I had done my homework (not having had a dog since I was a kid I thought I'd better read up on it) and immediately recognized that she was showing her belly and being submissive. I was impressed. I will add that this was the one and only time she ever, ever, rolled on her back and showed us her belly in the 10 years we had her. I think she knew what she was doing.
We went home and thought about it and came back the next day and took her home. She smelled pretty bad so our first act was to stick her in the bathtub and give her a nice warm bath. Until the end of her life she always loved baths and we think it was because she associated a bath as being the first sign of being an owned dog. She also hated having her collar taken off, probably for the same reason - it meant she had a home.
The people at the pound had called her Ali, perhaps because she used her paws so much to ask for things. (She came knowing "paw" and "sit" so someone had owned her at one time). We wanted to name her something else but she seemed to know her name, so we came up with Alice, short for Alice Kramden.
In the ten years we had her, Alice learned over 100 words, she slept on our bed every night, and loved to go for walks or rides in the car. There are so many stories about her little habits that I actually wrote them all down after she died so I wouldn't forget them.
She would cock her head to one side whenever she thought she heard a word she understood. Once when we were watching TV and I said the word "scar" out loud she thought I said "car" and started jumping up and down so much that we had to go out in the rain and drive her around the block about 5 times before she was satisfied.
She loved our family and friends and was great with our friends' children. She defended us against anyone else, however, who wasn't invited into the house. She had a lifelong feud with the mailman, despite the fact that I repeatedly told her it was such a cliche' for a dog to hate the mailman!
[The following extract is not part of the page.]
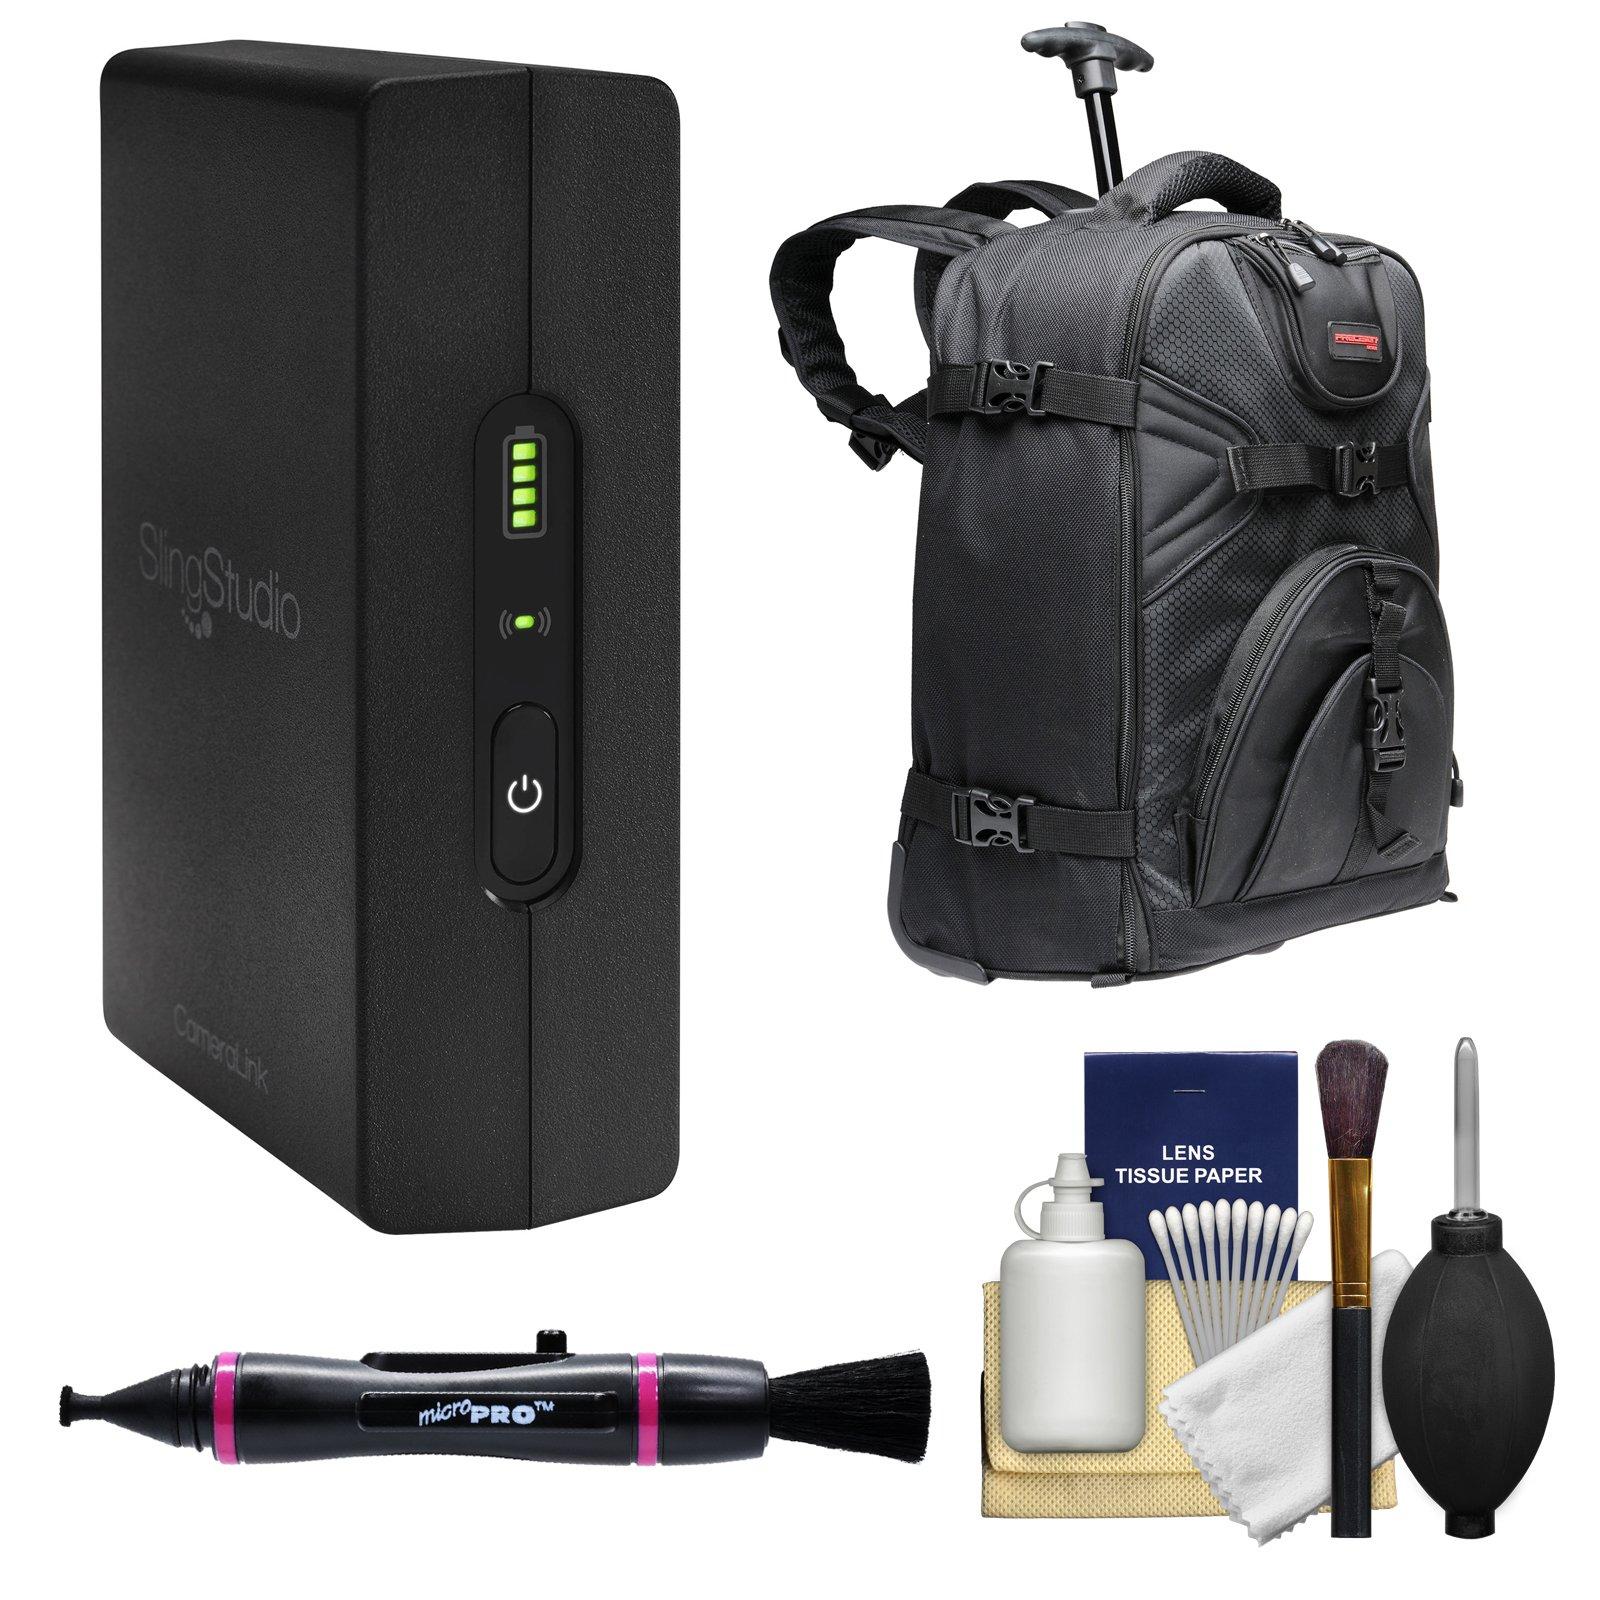 SlingStudio Wireless CameraLink with Backpack + Lenspen + Cleaning Kit by SlingStudio

Right before we realized she had cancer, we spent a week at Cape Cod with her and she had a really good time. But after we returned we noticed she was breathing too fast and hard. An X-ray showed the worst news possible...cancer throughout her lungs. She only lived 2 weeks after the diagnosis. Apparently it was a very aggressive form of cancer and the oncologist we took her to told us she probably only had it a couple of months.
The night before we had to take her to be put to sleep she had a wonderful time in her favorite park. She walked all the way around, barked at some dogs, and was happy. The next day she suddenly went downhill. But I was glad she had one last evening of enjoyment in her life. And although the suddenness of her illness was worse for us, at least she didn't linger long and suffer. I find comfort in knowing that she had a wonderful life after her sad beginning and that she was loved until the end.
2 comments:
Memories are so important; maybe one day you will share more of those memories in an Alice Blog. I am so glad that Alice had such a wonderful family to care for her.
Ruth x
Thanks so much, Ruth. I like that idea of an Alice Blog. I have a whole list of favorite Alice memories and lots of pictures of her from when she was younger. Those have to be scanned in, though, since they weren't digital pictures.